Dataset extract
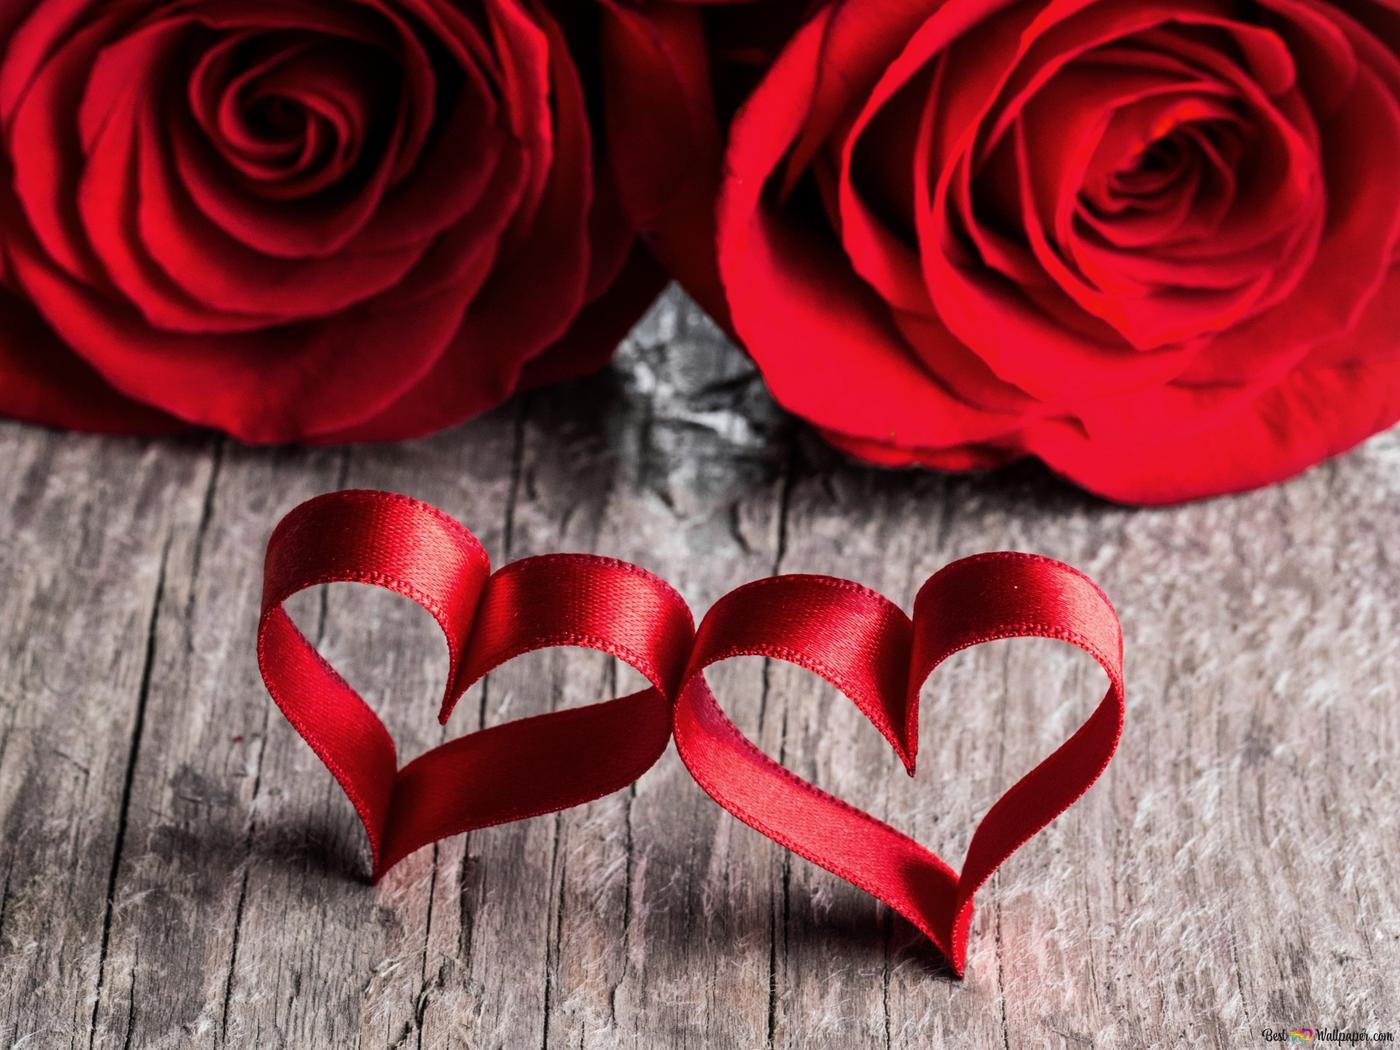 Valentine's day heart ribbons and the roses 2K wallpaper download
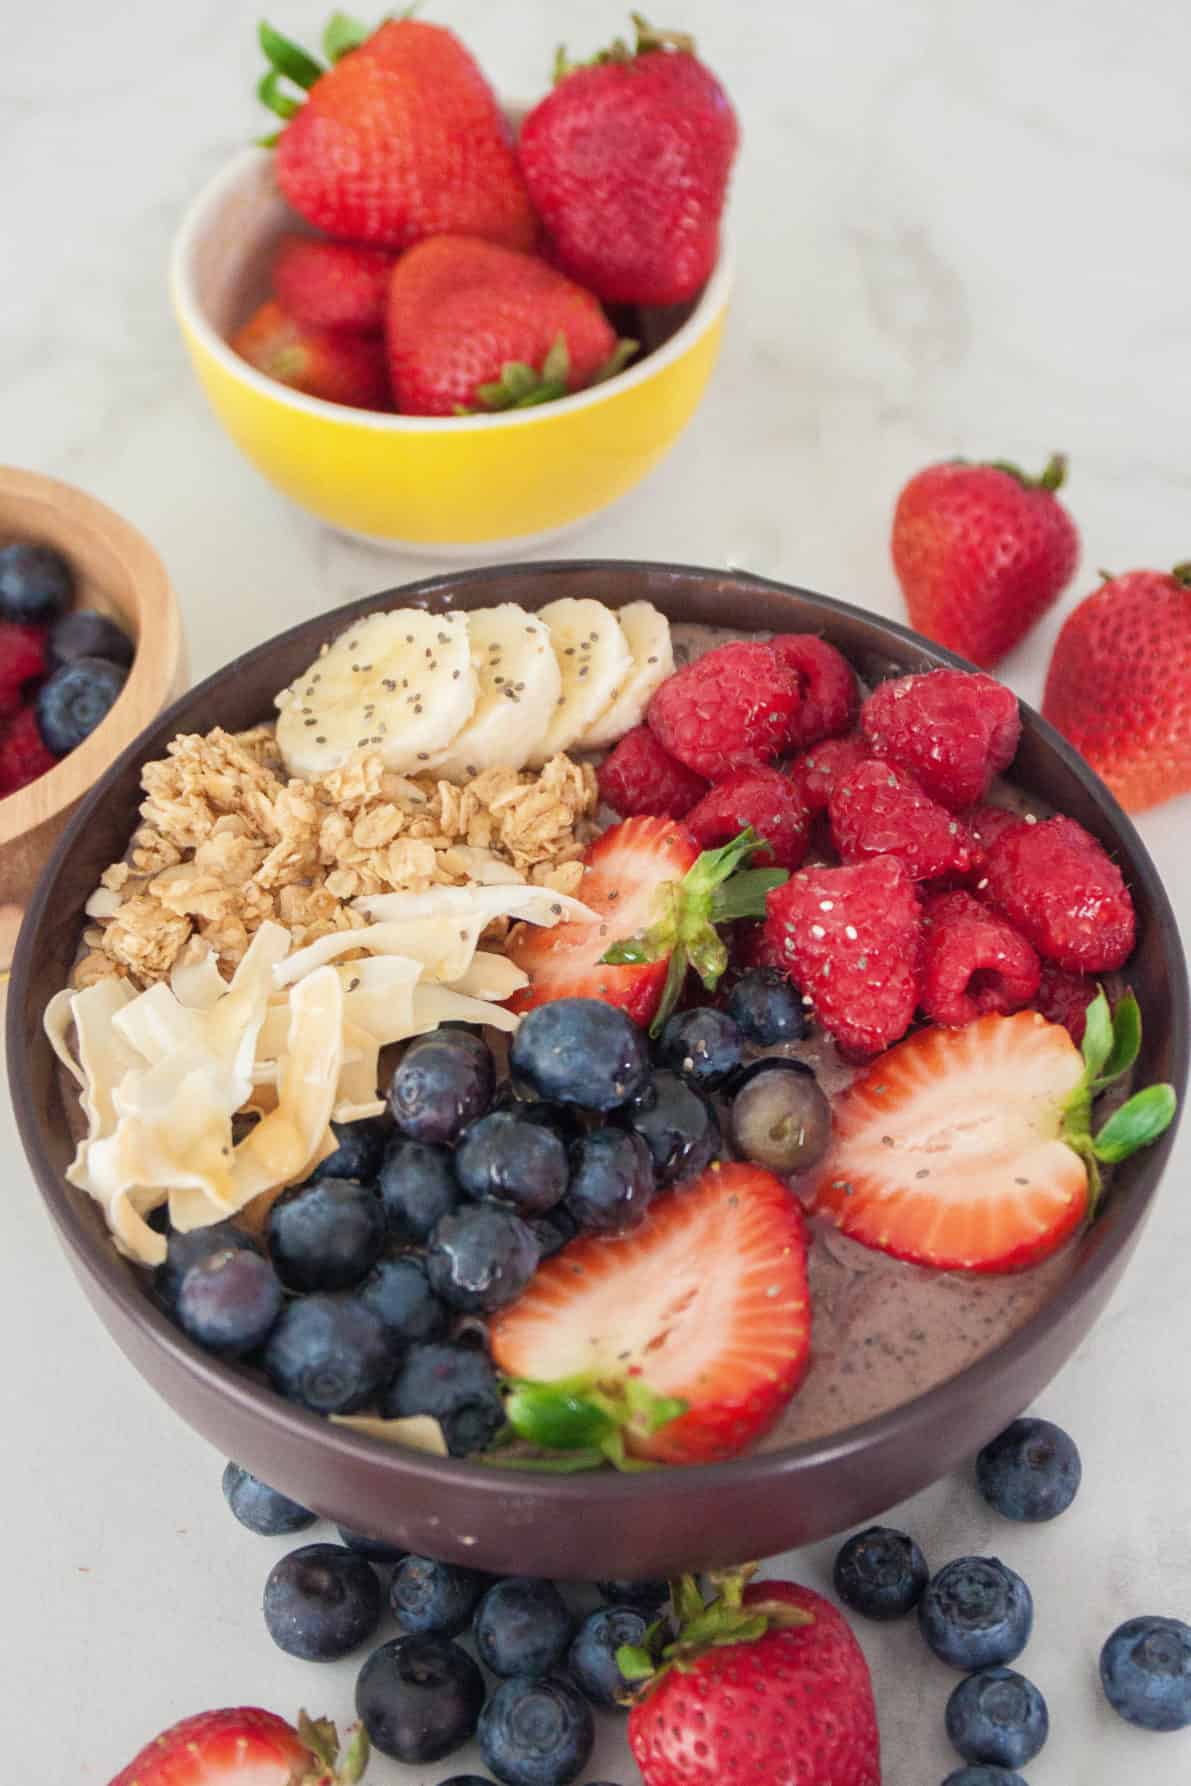 Homemade Hawaiian Acai Bowl topped with fresh berries and other tasty toppings.
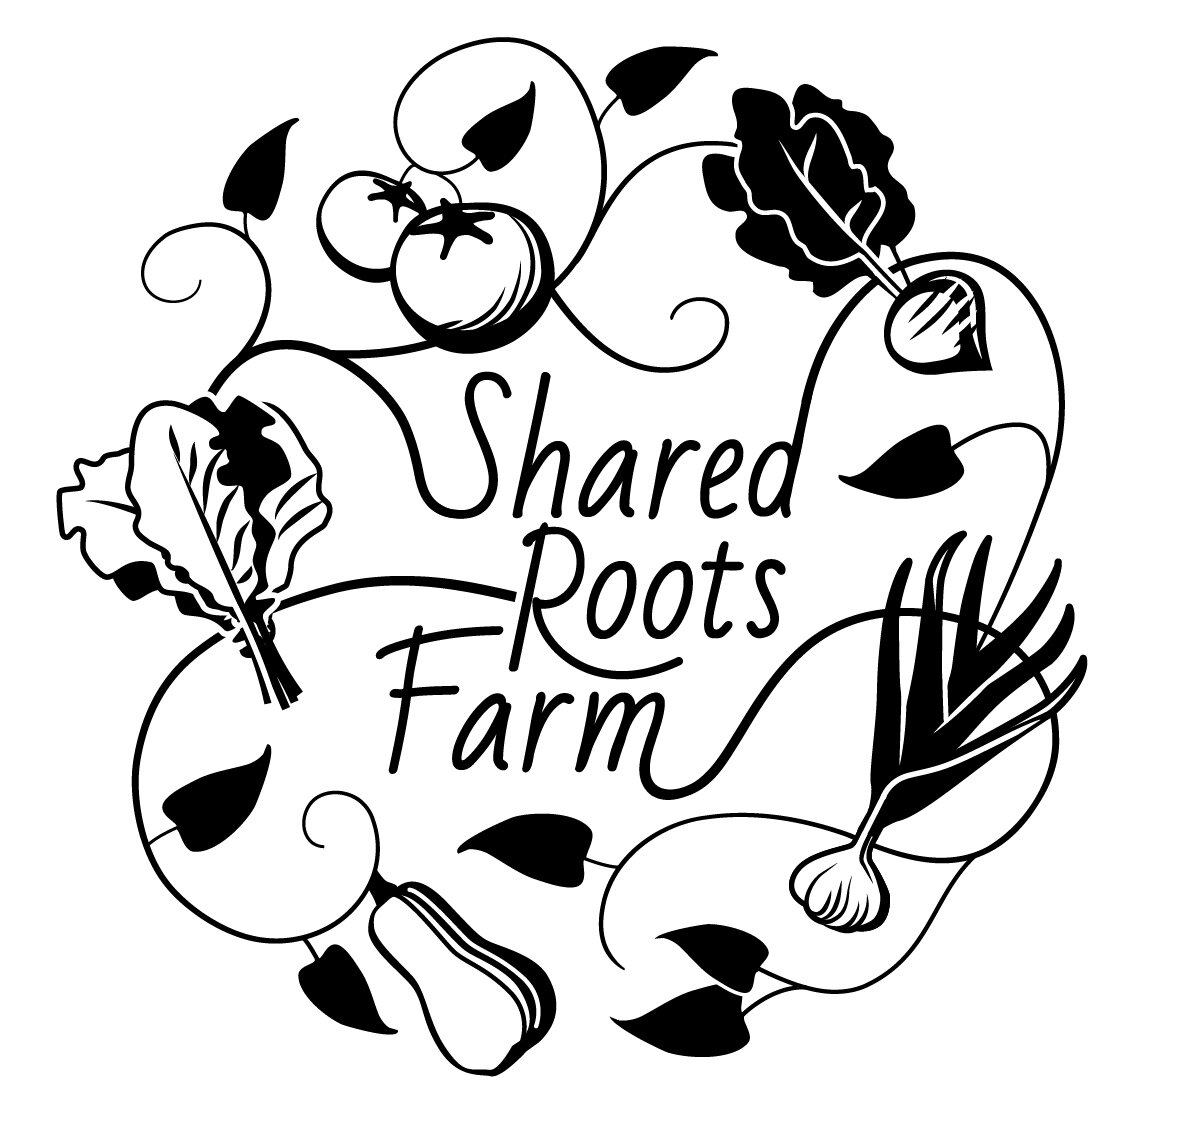 Shared Roots Farm

Task description
Retype each line above exactly and leave out any picture.

Answer to this problem
 Valentine's day heart ribbons and the roses 2K wallpaper download
 Homemade Hawaiian Acai Bowl topped with fresh berries and other tasty toppings.
 Shared Roots Farm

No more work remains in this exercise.